Codex Hooks Make the Harness Real
OpenAI put Codex into the ChatGPT mobile app on May 14, 2026. The sharper line came lower in the announcement: Remote SSH and hooks reached general availability, while programmatic access tokens arrived for Business and Enterprise plans.1
That changes the job. Codex no longer looks like a coding assistant that waits inside one terminal. It looks like an operating layer that follows work across machines, approvals, threads, diffs, tests, screenshots, plugins, credentials, and local tools.2
Codex hooks make the harness real. Once the agent can work from a phone, reach remote development environments, and run lifecycle hooks, teams need a control system around the model: evidence, approvals, git custody, source discipline, and taste.
TL;DR
Codex now supports the workflow shape that agent teams have been building privately: long-running work, remote execution, mobile steering, approvals, hooks, scoped credentials, and audit signals.123 The prompt still matters, but the operating layer matters more.

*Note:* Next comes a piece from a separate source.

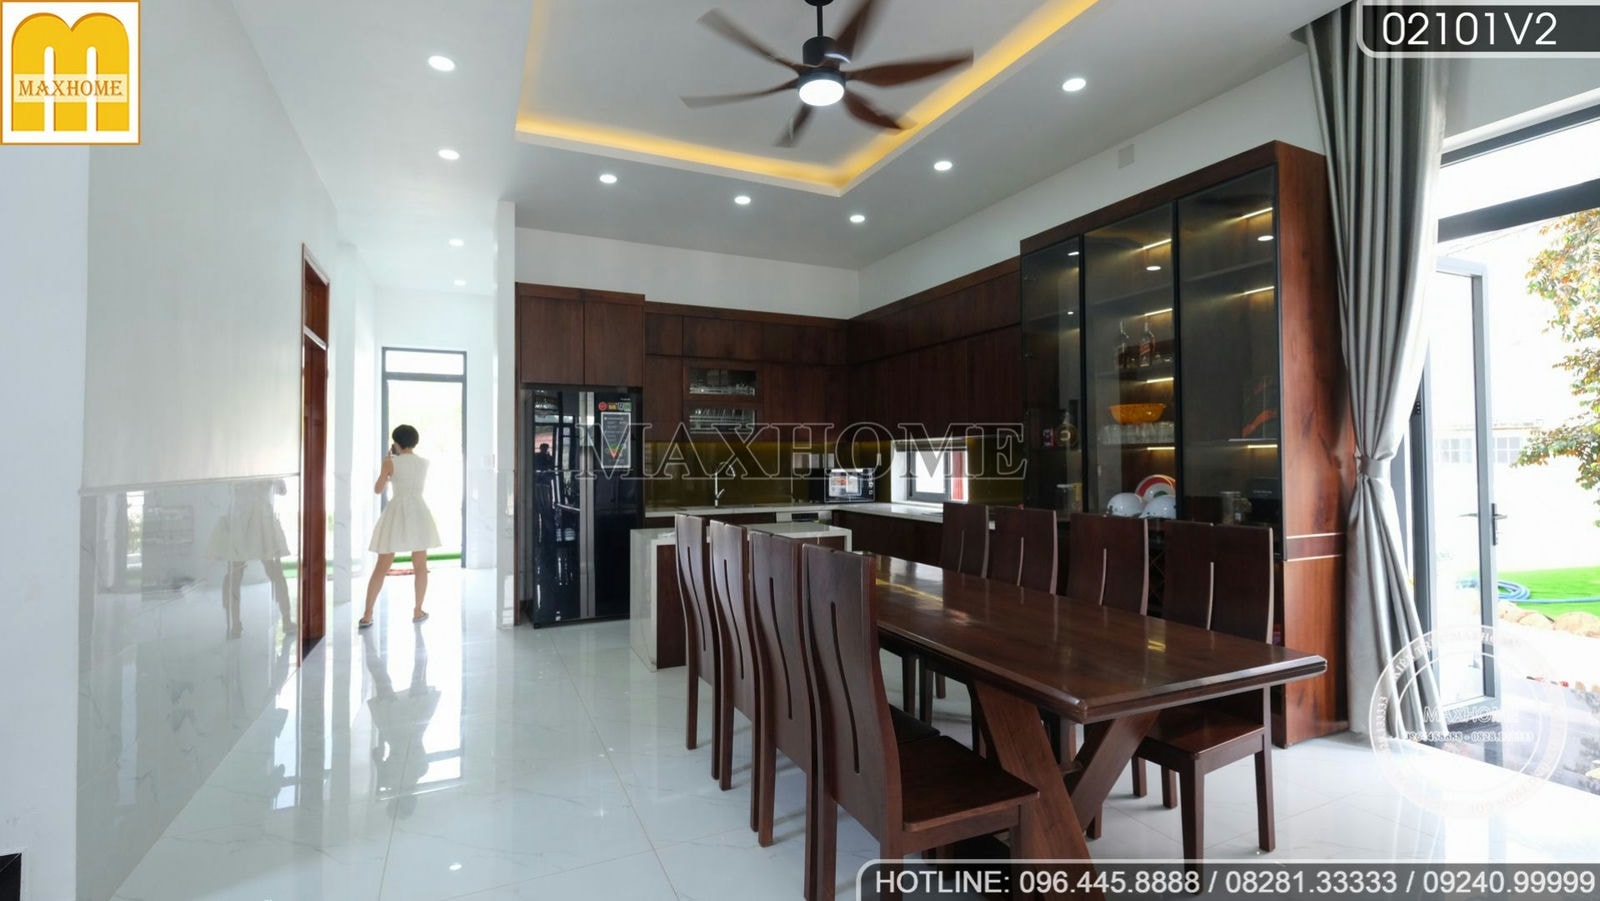 Maxhome hoàn thiện bộ nội thất hiện đại và sang trọng tại Tây Ninh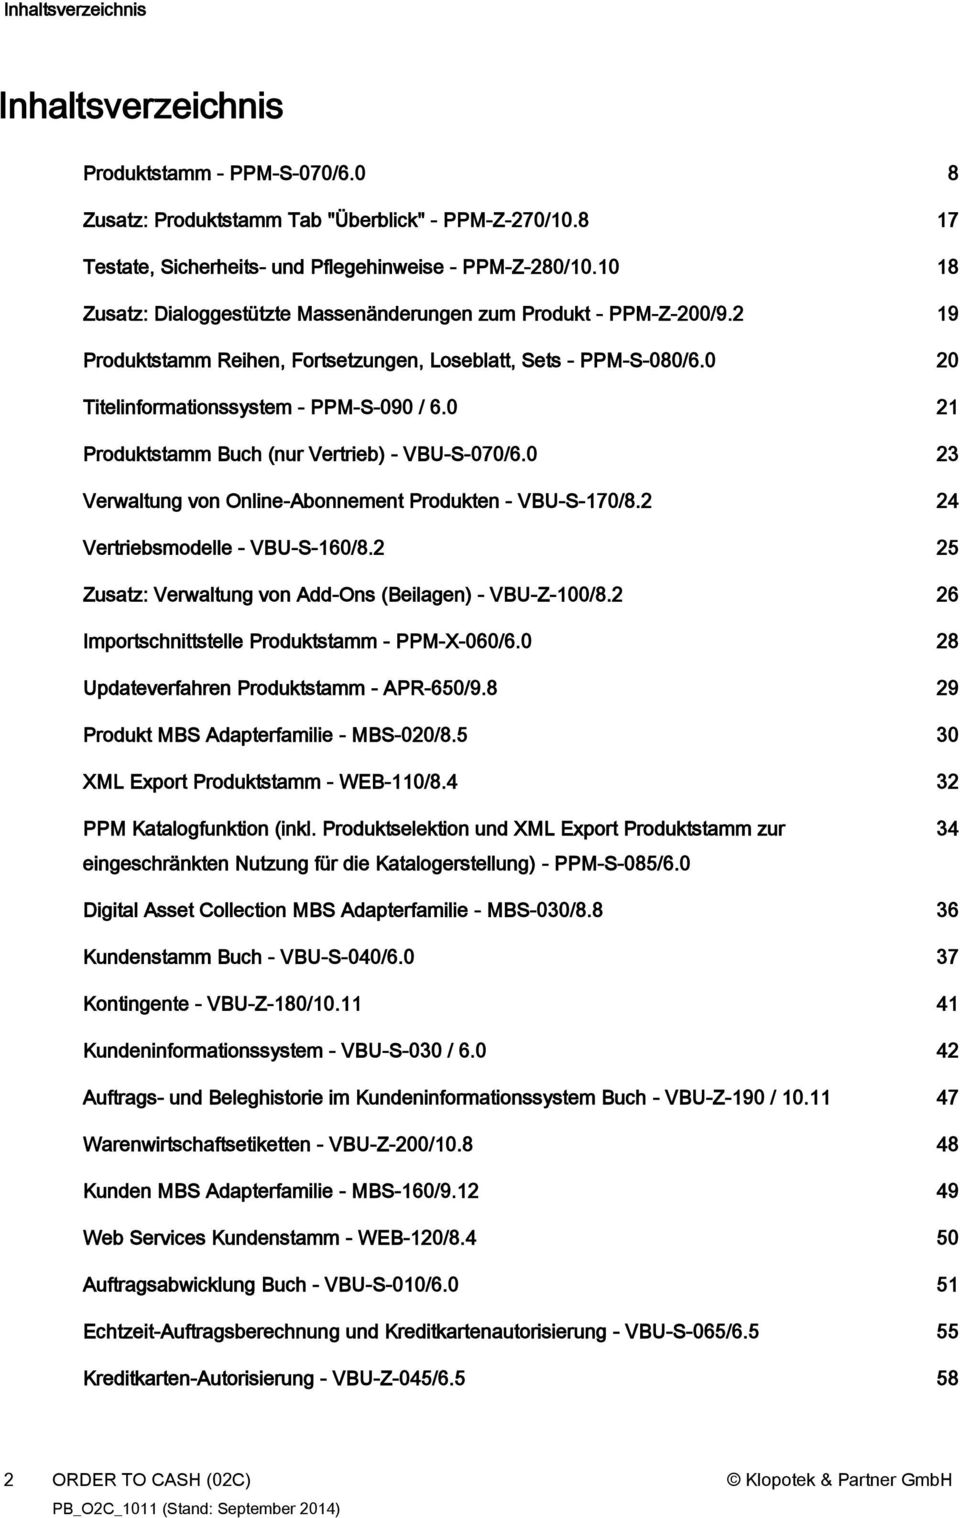 0 21 Produktstamm Buch (nur Vertrieb) - VBU-S-070/6.0 23 Verwaltung von Online-Abonnement Produkten - VBU-S-170/8.2 24 Vertriebsmodelle - VBU-S-160/8.

The practical question is not “how do we prompt Codex?” The practical question is “what must Codex prove before we trust the result?” Teams should use hooks and configuration to encode review gates, security boundaries, public-writing standards, and release discipline. They should keep private machinery private and publish only the pattern, the acceptance criteria, and the verified outcome.
Key Takeaways
For engineering teams: - Treat Codex hooks as process infrastructure, not decoration. - Start with evidence, approvals, git custody, and release checks before adding clever automation.
For agent-tool builders: - Build around Codex’s real surfaces: mobile control, Remote SSH, sandbox modes, approval policies, project instructions, hooks, telemetry, and version control. - Port jobs-to-be-done, not old slash-command shapes.
For public writers: - Use official OpenAI docs for current Codex behavior. - Describe private practice as author analysis, and leave private prompts, hook bodies, file paths, source lists, credentials, and scoring internals out of public copy.
What Changed On May 14?
OpenAI’s May 14 announcement moved Codex closer to a persistent work surface. Codex in the ChatGPT mobile app can connect to machines where Codex runs, load live state from that environment, and let the user review outputs, approve commands, change models, start work, and follow diffs, terminal output, test results, approvals, and screenshots from a phone.1
The same announcement says Remote SSH reached general availability. Codex can connect into remote environments, detect hosts from SSH configuration, create projects, and run threads in remote machines.1 The developer docs frame remote connections more concretely: remote access uses the connected host’s projects, threads, files, credentials, permissions, plugins, Computer Use, browser setup, and local tools.2
OpenAI also moved hooks into general availability. The announcement names concrete uses: scanning prompts for secrets, running validators, logging conversations, creating memories, and customizing Codex behavior for repositories and directories.1 The hooks documentation defines hooks as an extensibility framework for injecting scripts into the Codex loop, and the configuration reference exposes features.hooks for lifecycle hooks loaded from hooks.json or inline configuration.76
Those details matter because they turn agent work from a chat exchange into governed operations.
Why Hooks Matter More Than Mobile
Mobile access changes where the human can intervene. Hooks change what the system can enforce.
A phone lets an operator answer a question while away from the desk. A hook can catch the agent before a risky action, after a file edit, before completion, or during a release check. The phone solves latency. The hook solves standards.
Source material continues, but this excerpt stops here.